**WHAT IS NEEDED**. A word-for-word copy of the data is what's wanted, with no pictures.

**SOURCE DATA**.
= = = =

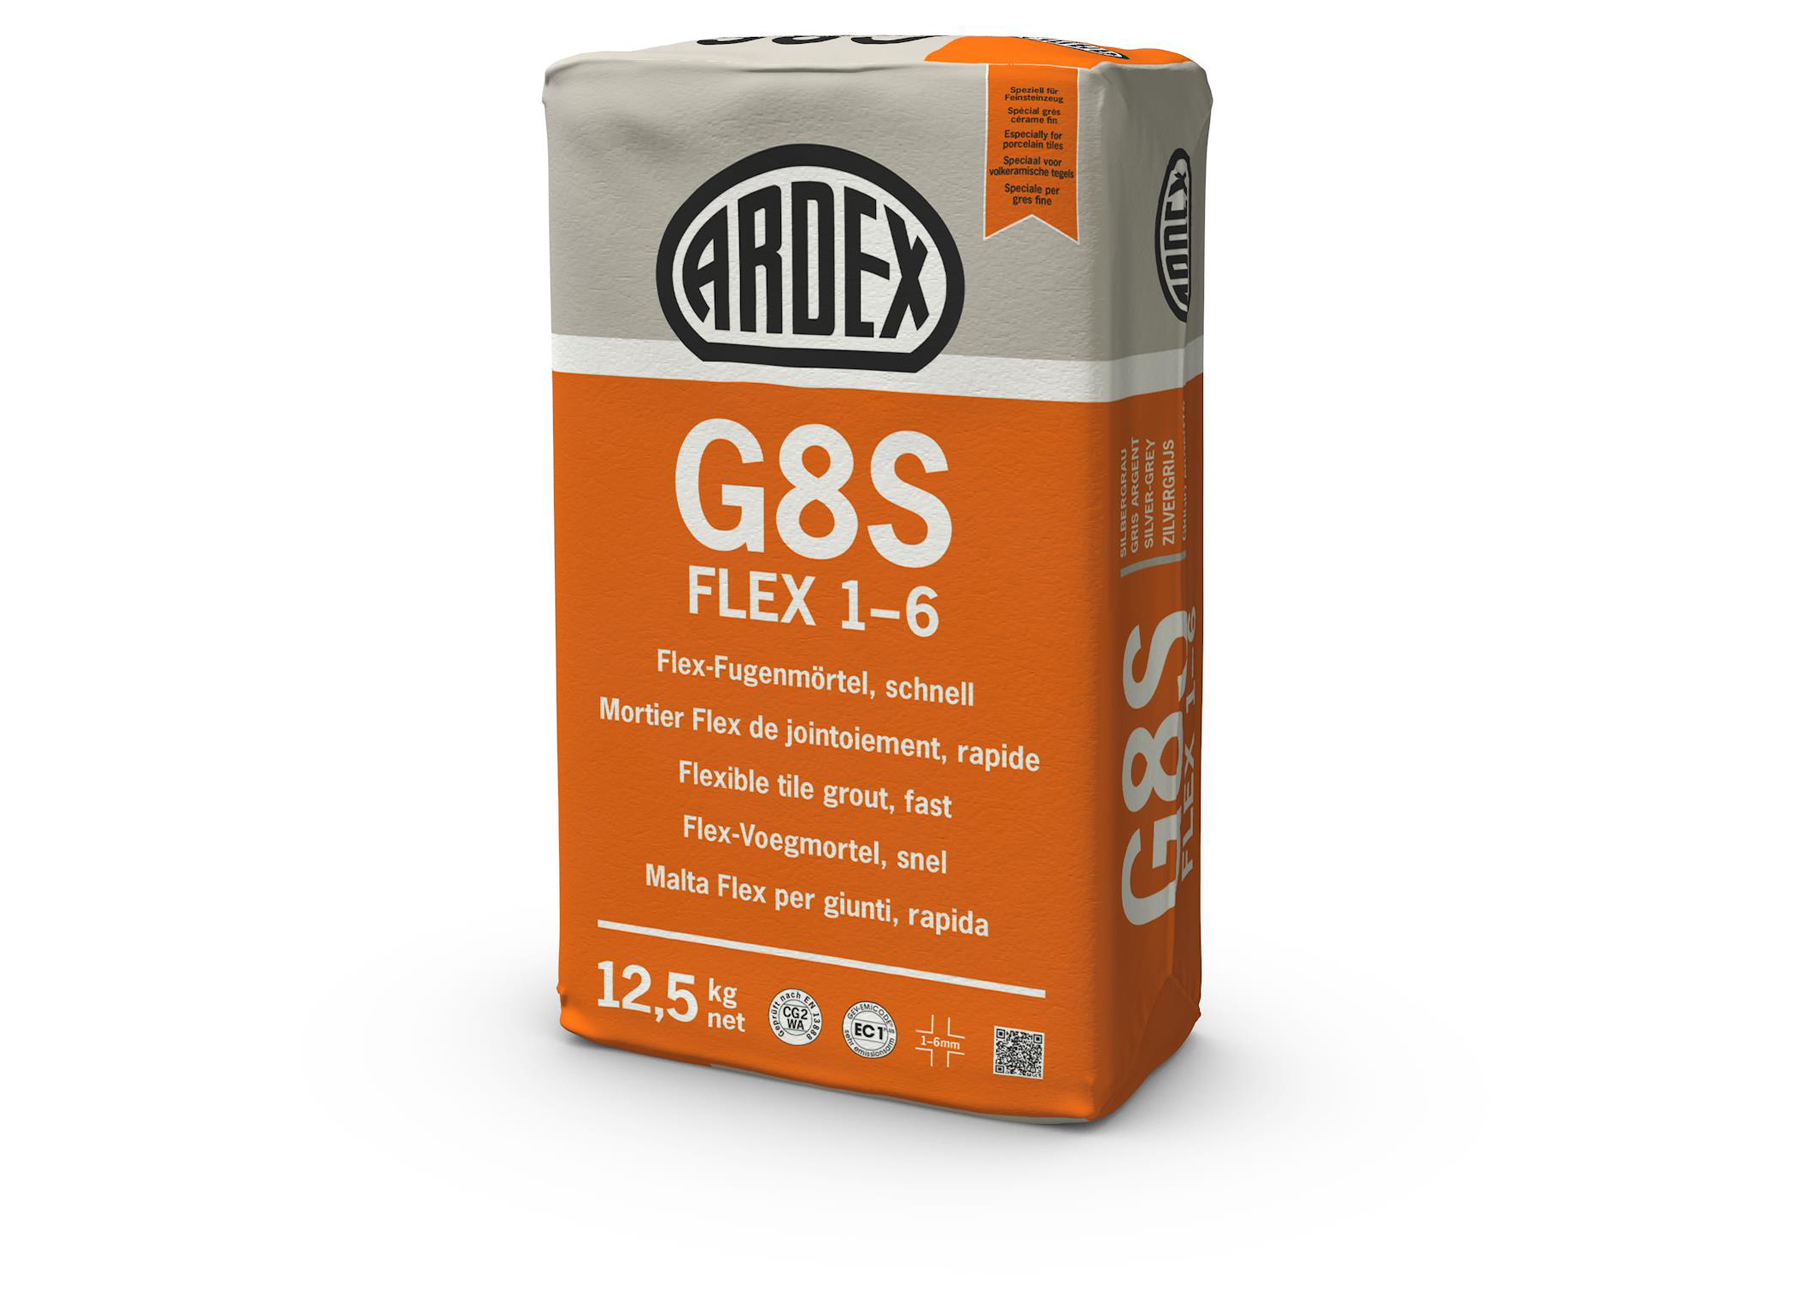 G8S FLEX 1-6 ZILVERGRIJS 5KG
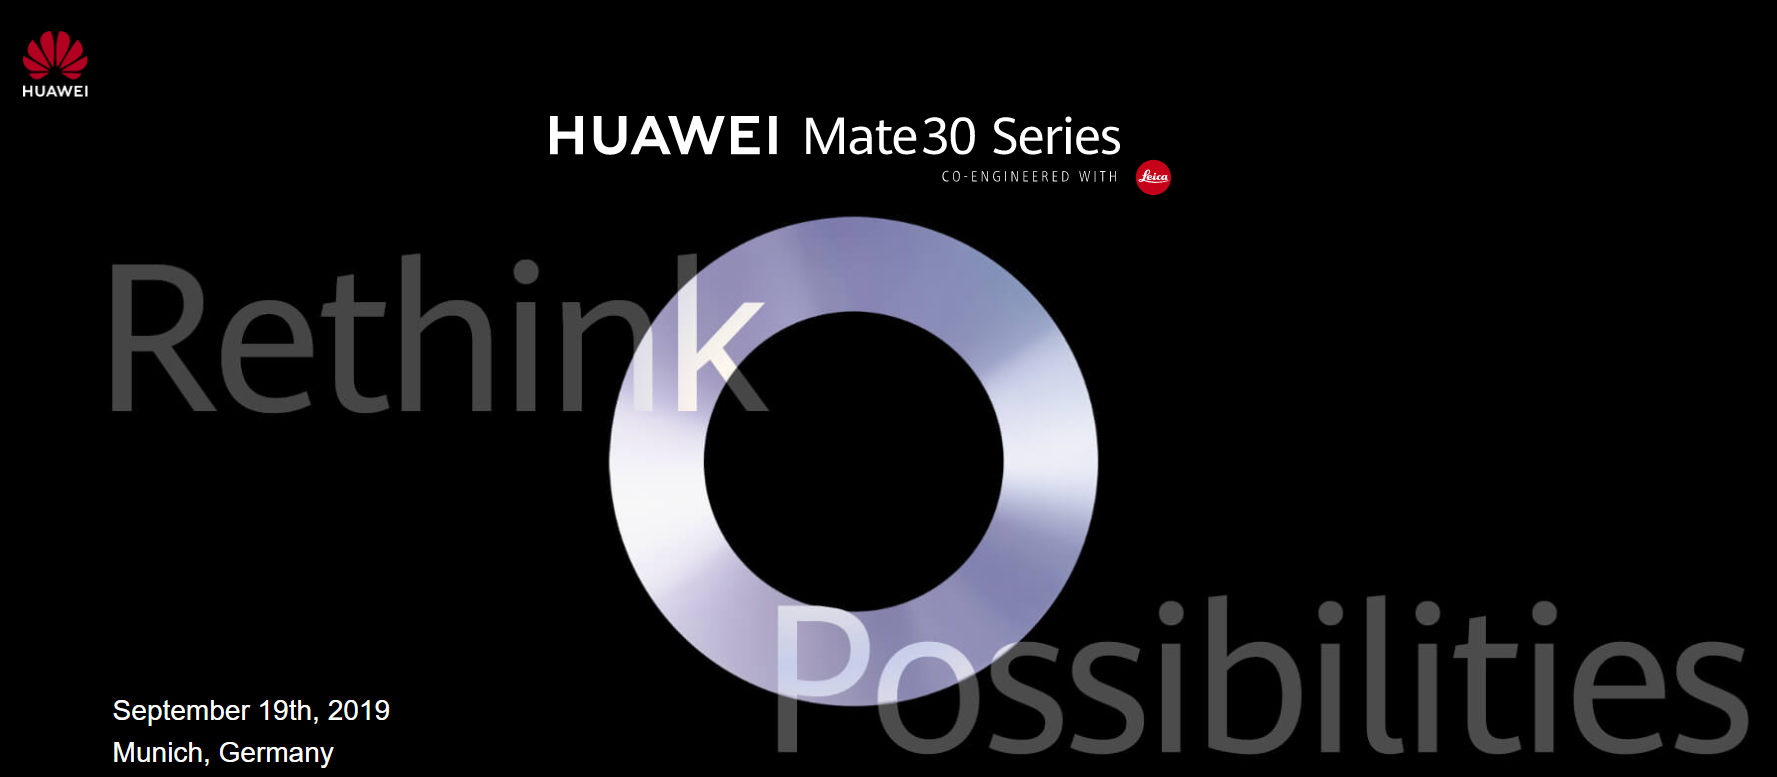 【快訊報報】華為 HUAWEI Mate30 系列新機 將在 9/19 德國慕尼黑發表 - 華為手機 - 科技狗 3C DOG
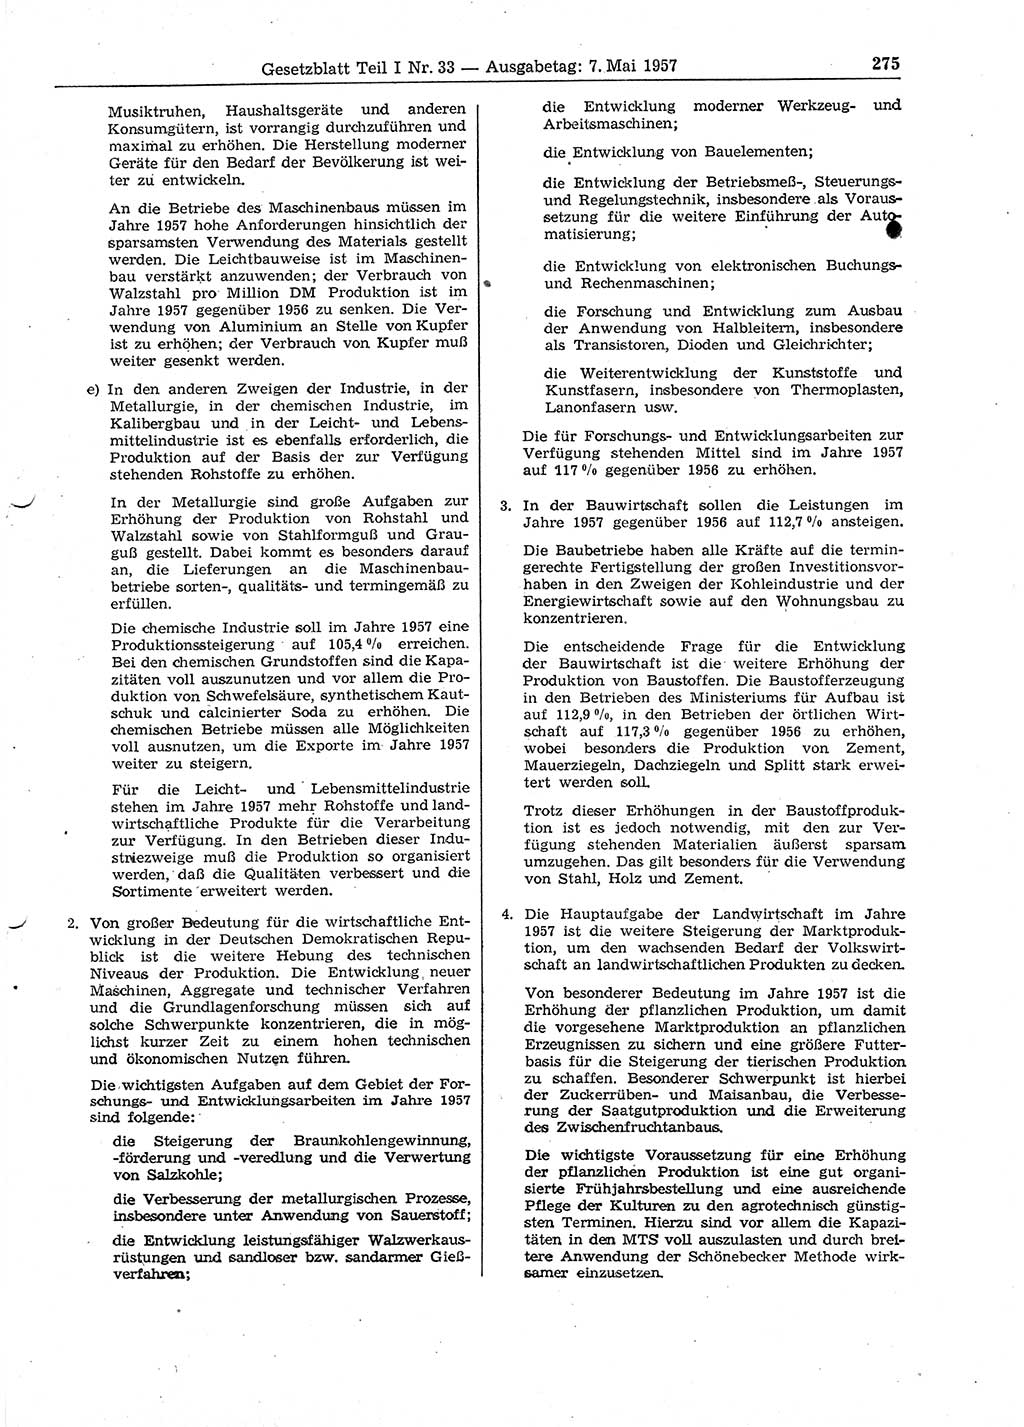 Gesetzblatt (GBl.) der Deutschen Demokratischen Republik (DDR) Teil Ⅰ 1957, Seite 275 (GBl. DDR Ⅰ 1957, S. 275)
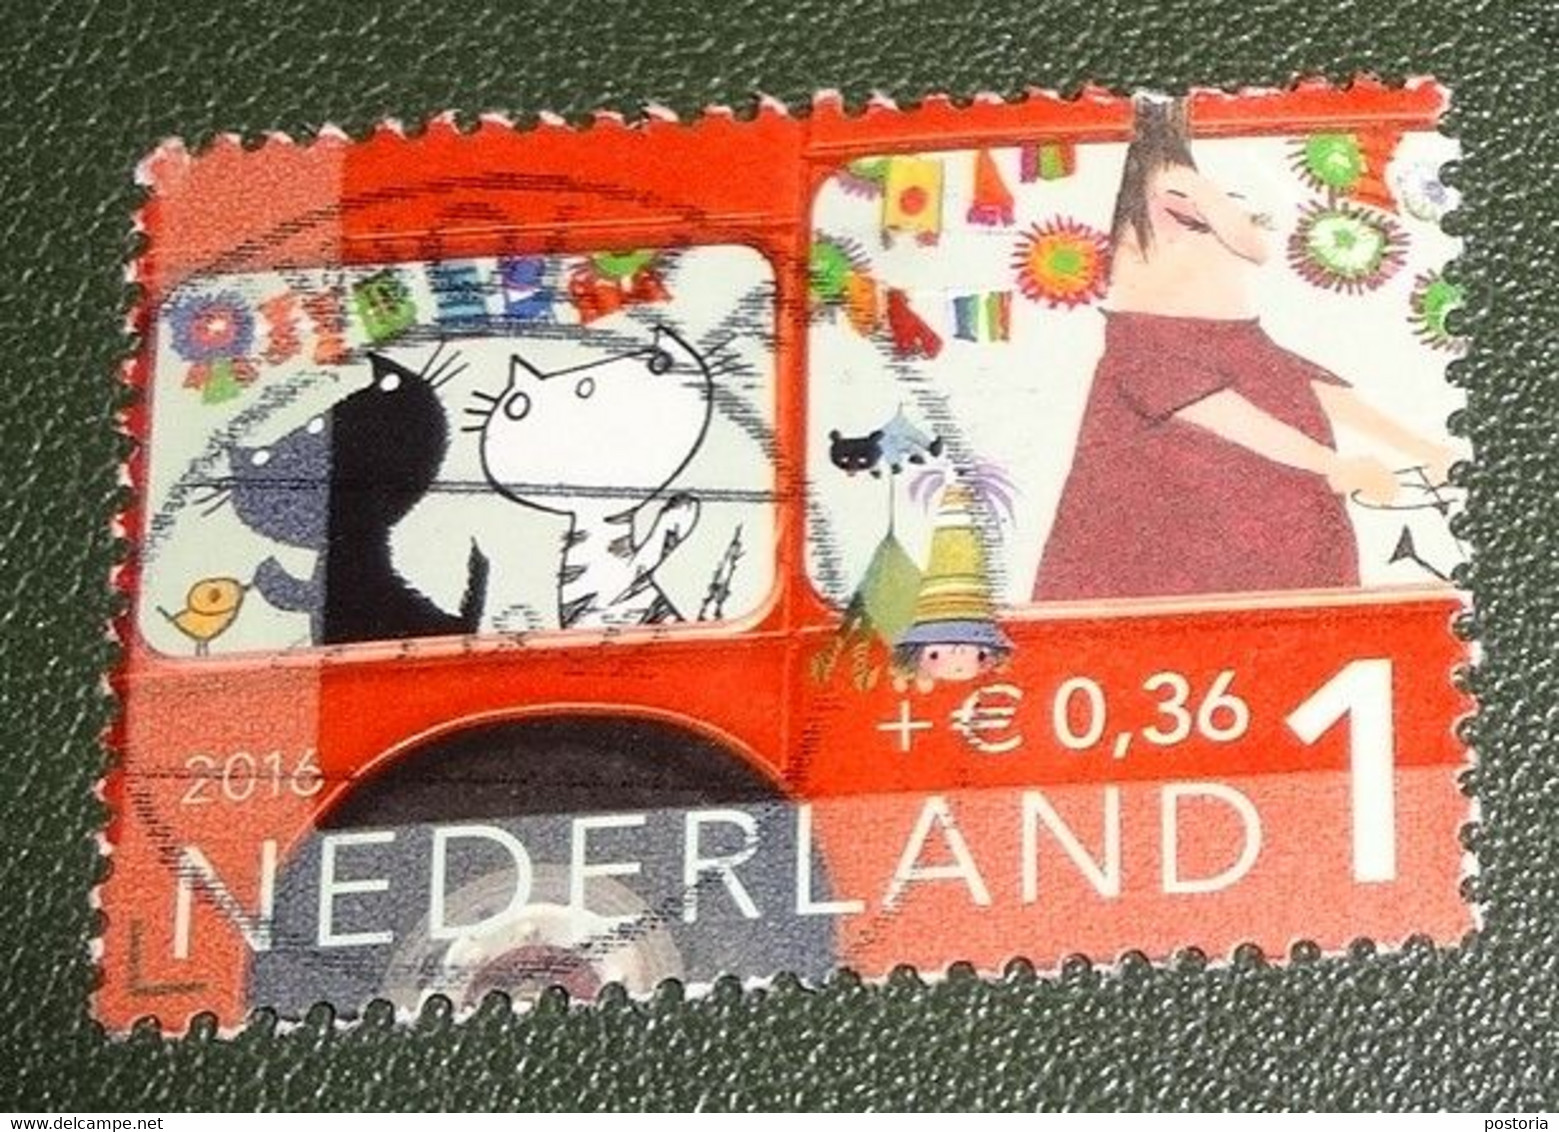 Nederland - NVPH - 3473 F - 2016 - Gebruikt - Cancelled - Kinderzegels - Buschauffeur - Katten - Gebruikt

= = = =

**EXPECTED ANSWER**.
 G8S FLEX 1-6 ZILVERGRIJS 5KG
 【快訊報報】華為 HUAWEI Mate30 系列新機 將在 9/19 德國慕尼黑發表 - 華為手機 - 科技狗 3C DOG
 Gesetzblatt (GBl.) der Deutschen Demokratischen Republik (DDR) Teil Ⅰ 1957, Seite 275 (GBl. DDR Ⅰ 1957, S. 275)
 Nederland - NVPH - 3473 F - 2016 - Gebruikt - Cancelled - Kinderzegels - Buschauffeur - Katten - Gebruikt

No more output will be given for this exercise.